Она плакала почти столько же, сколько малыш.
– Ты ела сегодня?
Я принюхалась, выясняя, не пора ли менять прокладку. От ребенка пахло хорошо. А от Элеонор – нет.
– А душ принимала?
Элеонор вытаращила глаза, как будто я заговорила на фарси.
Одной рукой я придвинула к ней тарелку с омлетом, а другой – подхватила Бенджи. Элеонор занялась едой, а я вытерла малышу нос нагрудничком.
Когда папа вернулся домой, он сделал все, что мог. Включил вентилятор и направил его на Элеонор. Выслушав ее жалобы, позвонил бабуле Перл, и та приехала на следующий день.
– Вонь тут – до самых небес, – заявила она, водружая на кухонную стойку коробку, набитую детскими бутылочками и резиновыми сосками.
– Кормить из бутылочки? Нет! – запротестовала Элеонор. – Что люди-то скажут?
Бабуля велела Элеонор пойти отдохнуть. Я спрятала улыбку за книгой. Когда бабуля Перл велит вам отдохнуть, она желает от вас избавиться. Подвязав туже пояс грязного розового халата, Элеонор потащилась в гостиную. Бабушка Перл приготовила смесь, надела на бутылочку соску. Промаршировав в гостиную, она сунула бутылочку Элеонор:
– А теперь накорми этого ребенка!
– Но Бренда кормила грудью!
– Хватит сравнивать себя с призраками!
– Мама!
Элеонор показала на меня.
Disparaître означает «стать невидимой», «исчезнуть». Я закуталась во французский, как в шаль, и отправилась повидать Одиль, которая копалась в своем садике. Она встала и вытерла руки о рабочий халат:
– Bonjour, ma belle. Comment ça va?[25]
Она была единственной из взрослых, кто спрашивал меня, как мои дела. Остальные спрашивали о моих братьях.
– Как сказать «призрак»?
– Le fantôme.
– А как насчет «грустный»?
Я уже заучивала это слово какое-то время назад, но теперь оно снова мне понадобилось.
– Triste. – Одиль обняла меня. – Завтра начинаются занятия в школе?
– Да. Мы с Мэри Луизой записались на одни и те же занятия.

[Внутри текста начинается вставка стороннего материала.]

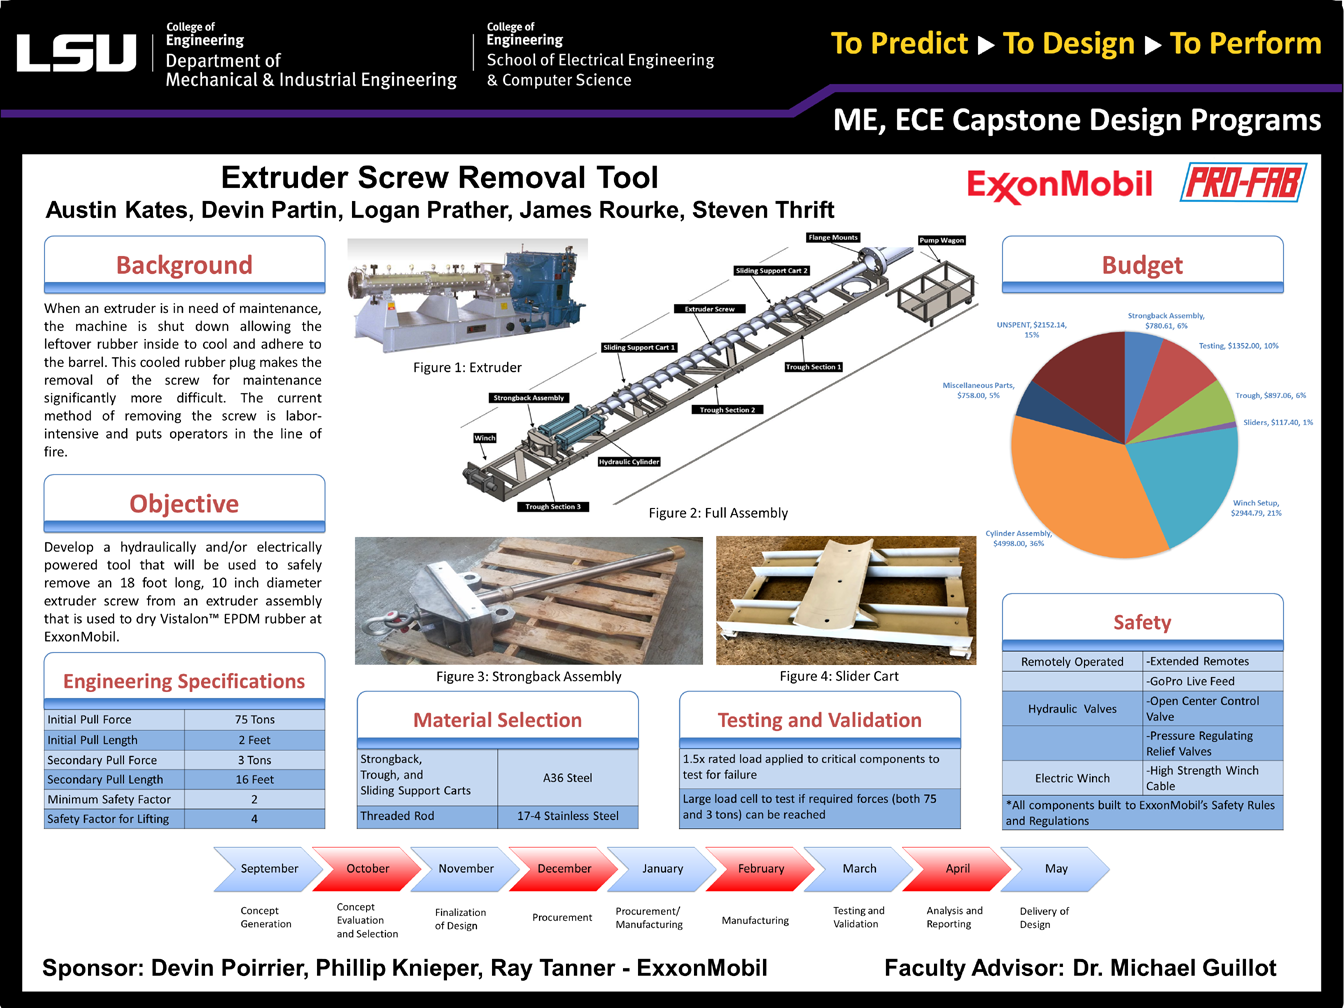 Project 40: Expander Screw Removal Tool (2019)

– Это счастье – проводить время с лучшей подругой. Я даже выразить не могу, как скучаю по своей.
Она положила выкопанный из земли лук-порей в корзинку. И выражение ее лица было triste.
– Есть время для урока французского? – произнесли мы одновременно.
Аэропорт, un aéroport. Самолет, un avion. Иллюминатор, un hublot. Стюардесса, une hôtesse de l’air. Воздушная хозяйка. Сидя бок о бок за нашим «письменным столом», то есть за кухонным столом Одиль, я слушала и записывала слова. Обычно мы учили повседневные слова, вроде «тротуара», «здания», «стула»…
– Почему вы учите меня словарю путешествий?
– Потому что, ma grande, я хочу, чтобы ты летала.
Во время обеда, когда Элеонор ставила на стол мясной рулет, бабушка Перл не отставала от нее, продолжая клевать ее, как курица зерно:
– Мир не прекратит существование, если ты отдохнешь. У тебя что, всего одна блузка? Когда ты в последний раз мыла голову? Где твоя гордость?
Элеонор хлопнула на стол супницу:
– Ма-а-ма!
В такие моменты я вспоминала, что Элеонор всего на десять лет старше меня.
– И где все твои подруги? – продолжала бабушка Перл. – Почему они не помогают?
– Лили говорит, что Бренда со всем справлялась сама.
– Да как она может помнить?
Элеонор повернулась к матери:
– Лили не станет врать!
– Вообще-то… – Я почувствовала, что краснею.
– Я этого и не говорила, – быстро возразила бабушка Перл. – Но заявляю тебе, что женщина с тремя детьми нуждается в помощи.
– Я могу и сама справиться.
Элеонор надулась, как сестра Мэри Луизы, Энджел.
Папа, как обычно, вернулся с работы за две минуты до обеда. Мы ели в молчании, если не считать плача Бенджи. Элеонор даже молитву не прочитала.
Когда они с бабушкой Перл купали мальчиков, я помыла посуду, собрала игрушки и стала считать часы до начала школьных занятий.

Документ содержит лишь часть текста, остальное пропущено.